Dan orang-orang yang tidak bersaksi dengan kebohongan dan tidak menghadiri majelis-majelis kebohongan.
Dan bila mereka melewati para pelaku kebatilan dan pemuja permainan tanpa sengaja, maka mereka berlalu dengan berpaling, mengingkari dan membersihkan diri darinya, serta mereka tidak merelakannya untuk orang lain.

Tafsir Ibnu Katsir
Oleh Ismail bin Umar Al-Quraisyi bin Katsir Al-Bashri Ad-Dimasyqi:

Apa yang telah disebutkan di atas merupakan sebagian dan sifat-sifat hamba-hamba Tuhan Yang Maha Pemurah, yaitu bahwa mereka tidak pernah memberikan kesaksian palsu.
Menurut suatu pendapat, makna yang dimaksud adalah tidak pernah berbuat kemusyrikan dan tidak pernah menyembah berhala.
Menurut pendapat yang lainnya lagi ialah tidak pernah berdusta, tidak pernah berbuat fasik, tidak pernah berbuat kekafiran, tidak pernah melakukan perbuatan yang tidak ada faedahnya, dan tidak pernah berbuat kebatilan.
Menurut Muhammad ibnul Hanafiyah, makna yang dimaksud ialah perbuatan yang tidak ada faedahnya dan bernyanyi.
Abul 'Aliyah, Tawus, Ibnu Sirin, Ad-Dahhak, dan Ar-Rabi' ibnu Anas serta lain-lainnya mengatakan bahwa makna yang dimaksud ialah tidak pernah menghadiri hari-hari raya kaum musyrik.
Menurut Umar ibnu Qais, maknanya ialah tidak pernah menghadiri majelis yang di dalamnya dilakukan kejahatan dan kefasikan.
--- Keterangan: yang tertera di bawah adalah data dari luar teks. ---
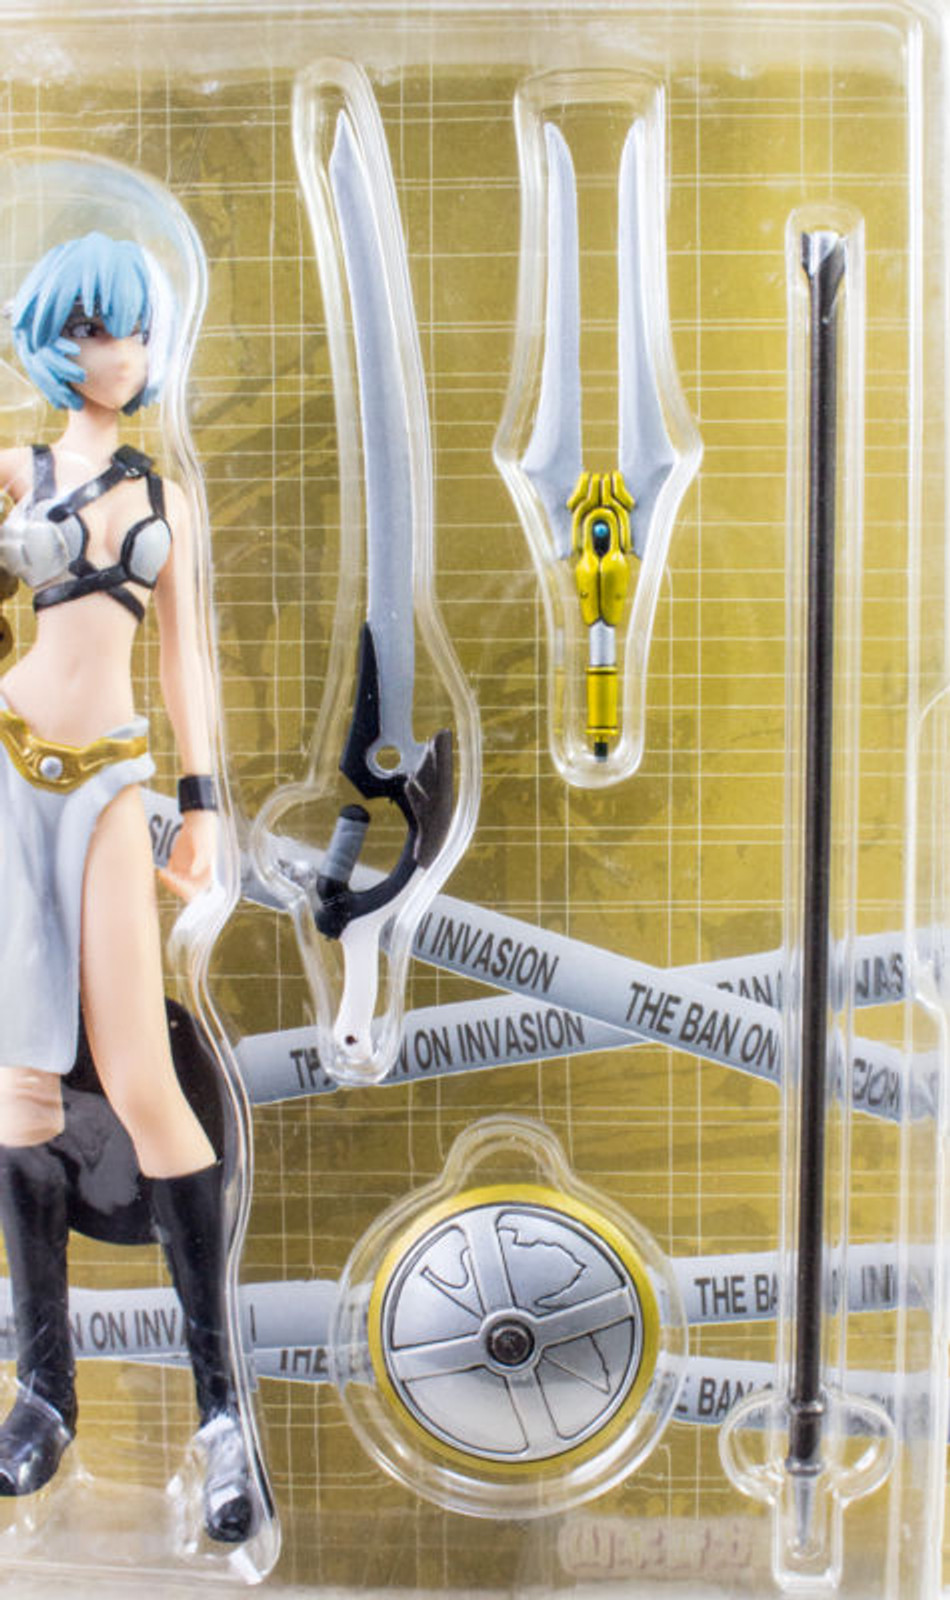 Evangelion Rei Ayanami Figure collection Special Mission #3 Gradiator JAPAN ANIME MANGA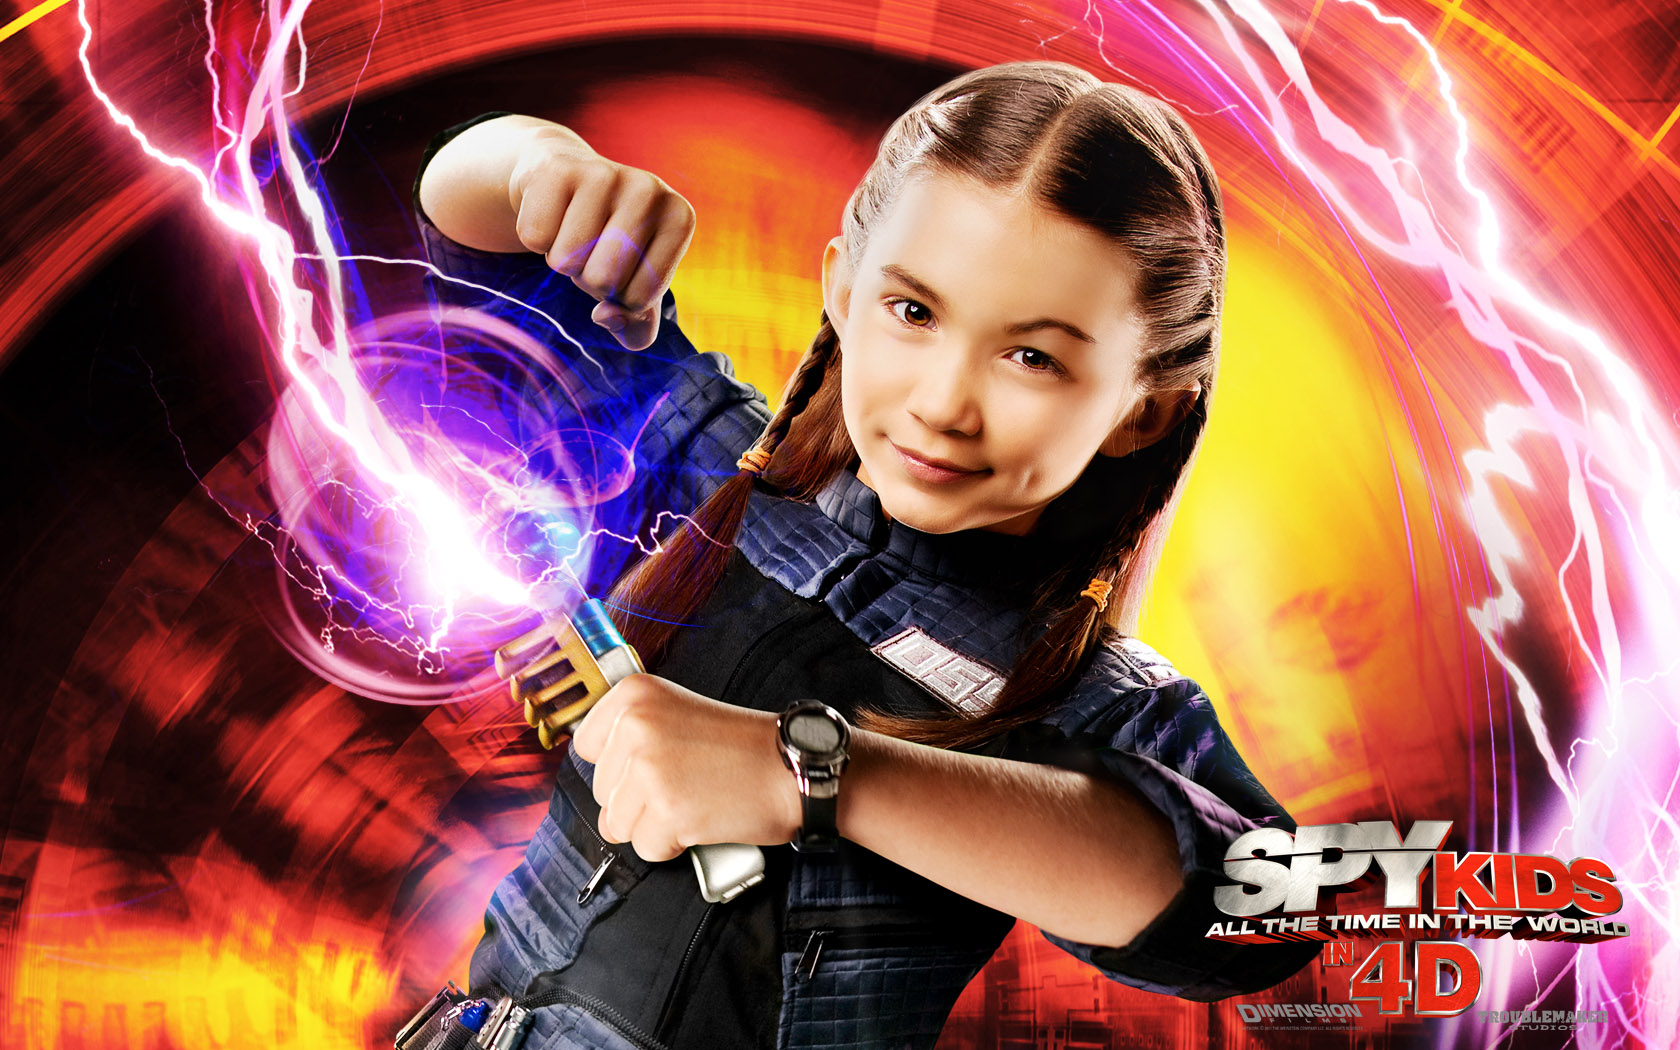 Amazing Spy Kids Pictures & Backgrounds

Malik telah meriwayatkan dari Az-Zuhri, bahwa makna yang dimaksud ialah tidak pernah minum khamr dan tidak pernah menghadiri tempatnya serta tidak pernah menyukainya, seperti yang disebutkan di dalam sebuah hadis:

Barang siapa yang beriman kepada Allah dan hari kemudian, maka janganlah ia duduk di suatu hidangan yang digilirkan padanya minuman khamr.

Menurut pendapat yang lain, makna firman Allah subhanahu wa ta'ala: yang tidak memberikan persaksian palsu.
(Al Furqaan:72) Yakni kesaksian palsu alias sengaja berdusta untuk mencelakakan orang lain, seperti pengertian yang disebutkan di dalam kitab Sahihain, melalui sebuah hadis yang diriwayatkan oleh Abu Bakrah, bahwa Rasulullah ﷺ pernah bersabda:

"Maukah aku ceritakan kepada kalian tentang dosa yang paling besar?”, sebanyak tiga kali.
Maka kami menjawab, "Wahai Rasulullah, kami mau.” Rasulullah ﷺ bersabda, "Mempersekutukan Allah dan menyakiti kedua orang tua.” Pada mulanya beliau bersandar, lalu duduk tegak dan bersabda, "Ingatlah, ucapan dusta, ingatlah kesaksian palsu!" Rasulullah ﷺ mengulang-ulang sabda terakhirnya ini, sehingga kami berkata (dalam hati) bahwa seandainya beliau diam.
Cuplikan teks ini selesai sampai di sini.